‘The Magic Door’: An Attempt At Young Adult Fantasy

Movies

The fantasy genre is one of the most challenging at the cinematographic level. The apparent freedom that its premises have run the risk of entering clichés. To this is added if you want to narrate stories with your own touch, those stories that seek to mix a modern setting with another that encourages fantasy. That’s the saga that Tom Holt started with ‘The magic door’, a book published in 2003 that has now been turned into a film.

the magic door

A first installment that It came six years after the publication in England of ‘Harry Potter and the Philosopher’s Stone’ and two years after the first film adaptation of the saga created by JK Rowling arrived. With which, it is impossible not to draw similarities, especially due to certain sequences that evoke the film directed by Chris Columbus in 2001.

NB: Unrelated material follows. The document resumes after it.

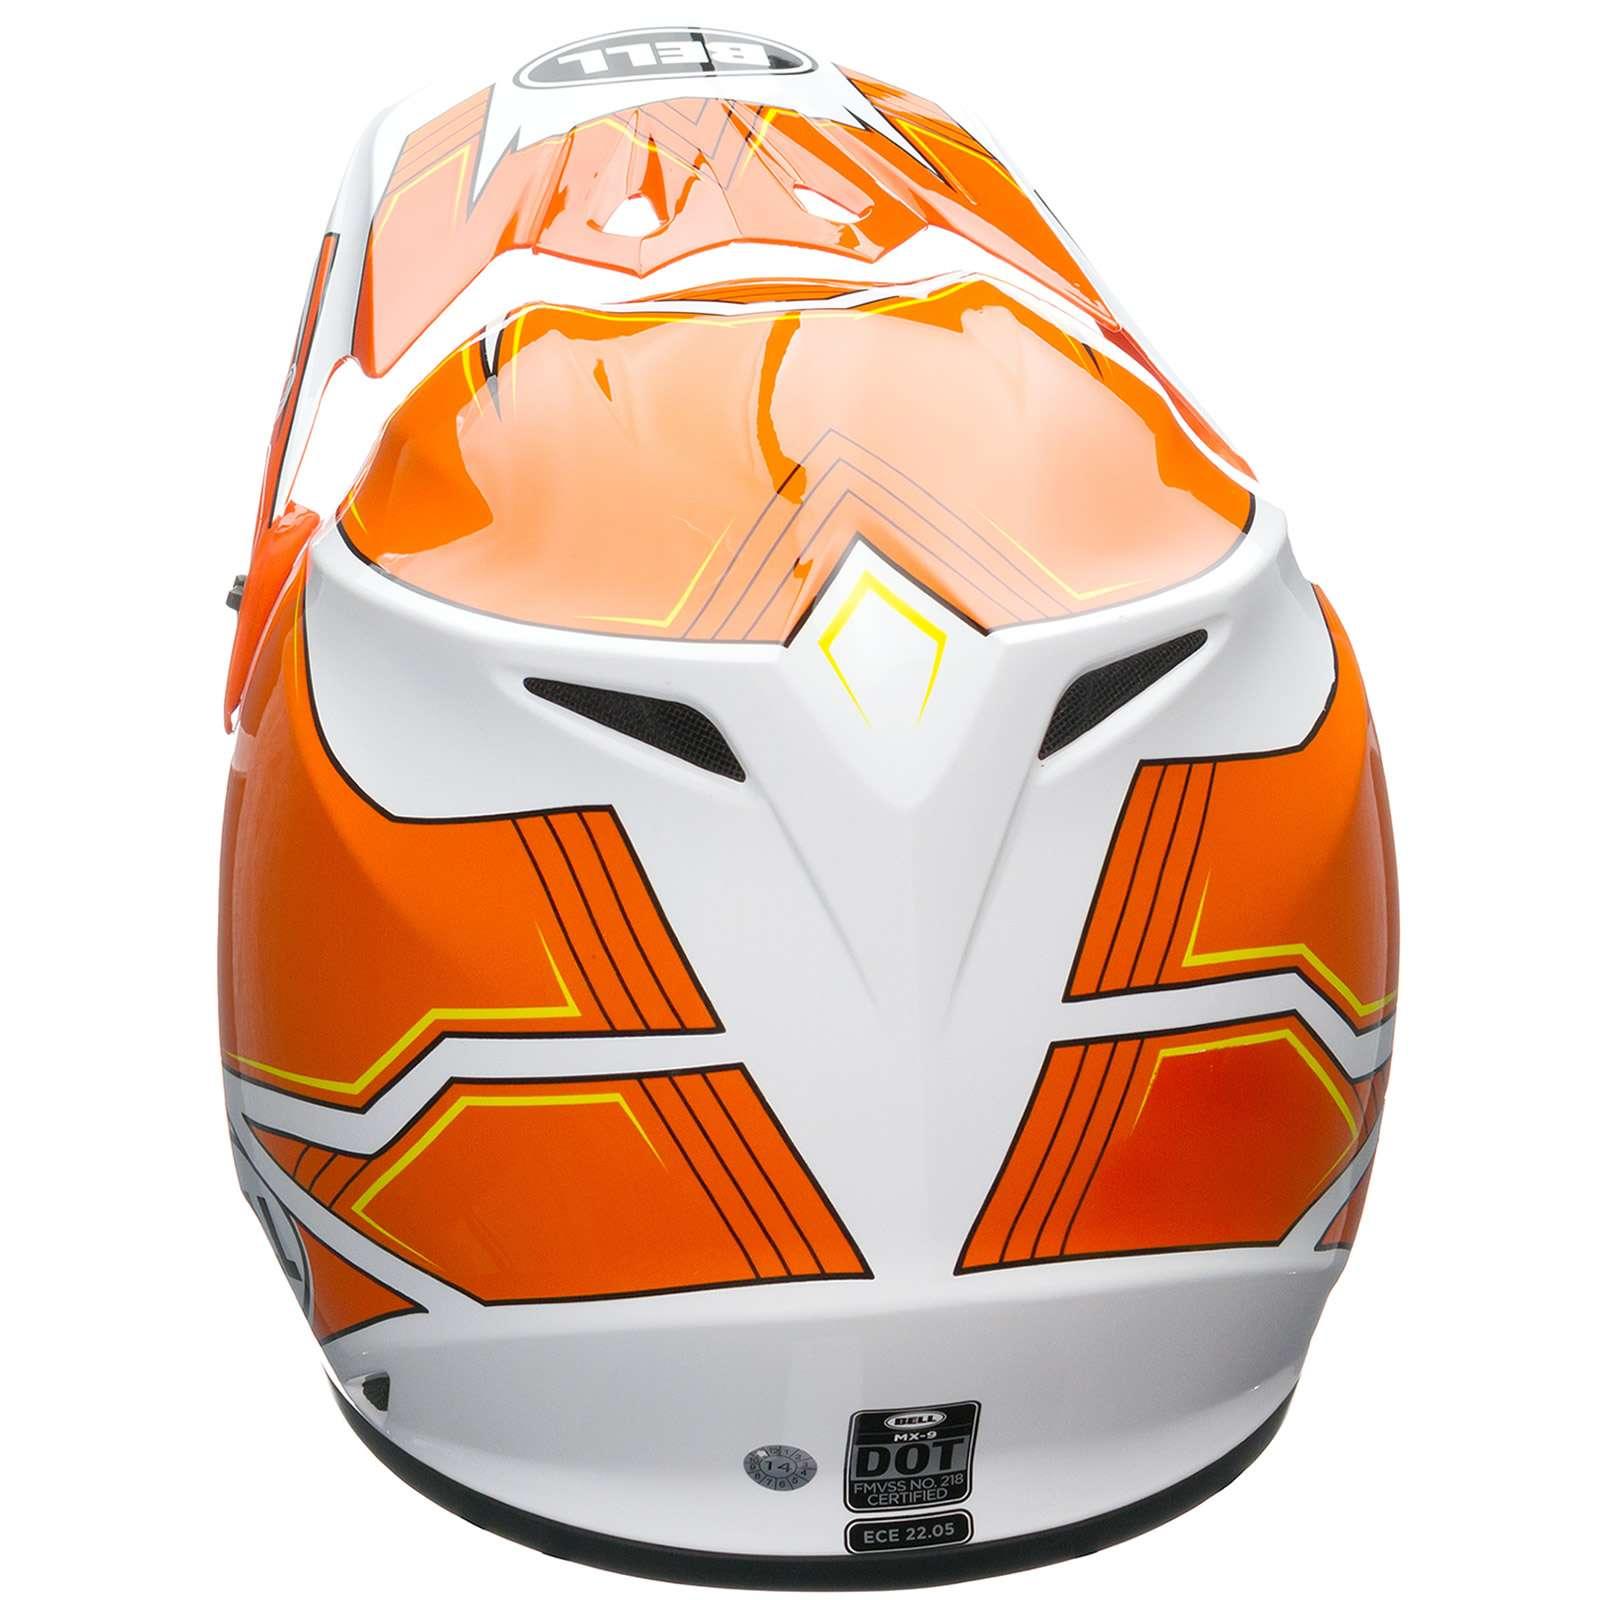 Details about Bell MX-9 MX9 Motocross MX BMX Enduro Full Face Helmet -  Blockade Orange

The film is directed by the Australian Jeffrey Walker, seasoned as an actor and director of television series, who is facing his third feature film intended for theaters (although it has not gone through theaters in the United States). With significant creative ambition, the film is co-produced by The Jim Henson Company, offering the tape an eighties aesthetic that incites nostalgia, with moments that evoke ‘Cristal oscuro’ or ‘Entro del laberinto’.

the magic door

A tape that stays in no man’s land

And, perhaps, in This attempt to have that dark approach typical of eighties cinema, causes its premise to be in an abstract terrain. Its protagonists and intentions are more appropriate for an adult audience, but the tone is more designed for family cinema. It is as if the script, written by Leon Ford, was looking for a kind of magical, adventure and fantasy cinema but without counting on the family audience.

Yes, that was ‘The Lord of the Rings’, but it is more than evident that the ambitions of ‘The Magic Gate’ are much less. What’s more, as has been commented before, being more related to ‘Harry Potter’ or, even to ‘The Chronicles of Narnia’, makes That search for fantasy for adults but with a family tone causes the proposal to stay in no man’s land.

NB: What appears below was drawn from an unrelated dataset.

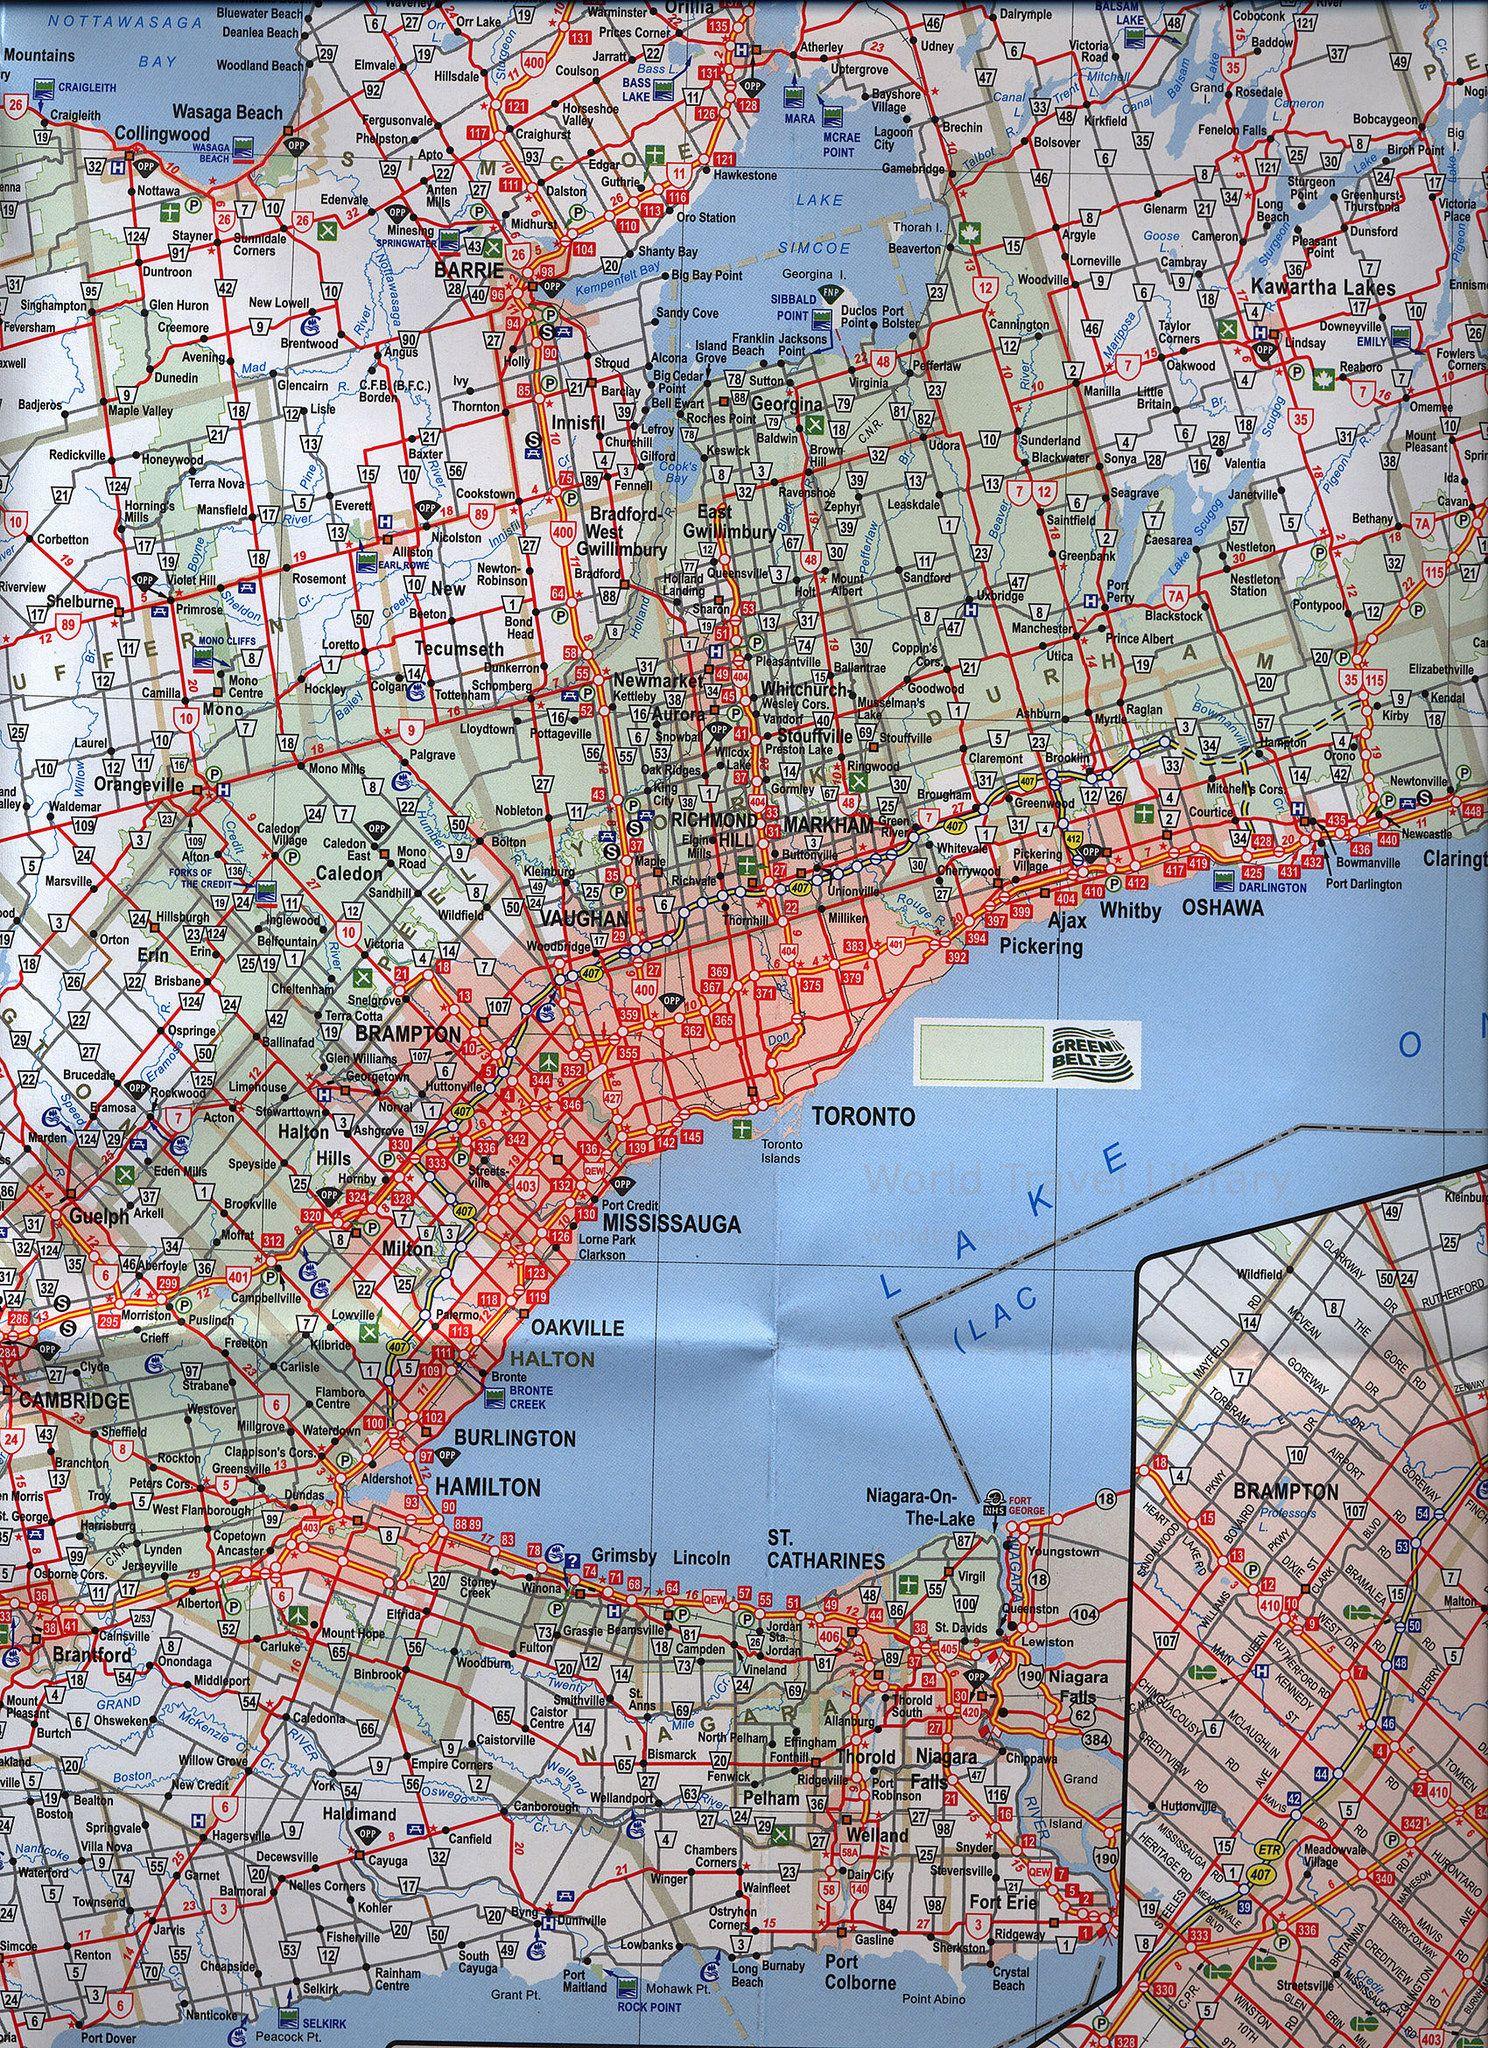 Ontario Canada Official Road Map Carte Routiere - Map of ontario canada

Despite having high-class secondary characters and villains, with actors of the stature of Sam Neill or Christoph Waltz, ‘The Magic Door’ doesn’t know exactly who it wants to address. This confusion causes him to stay in no man’s land.

5

The best: Bet on a different story of adventures and fantasy.

Worst: He doesn’t know how to find his tone, is he family, for adults? That indecision causes the tape to stay in no man’s land.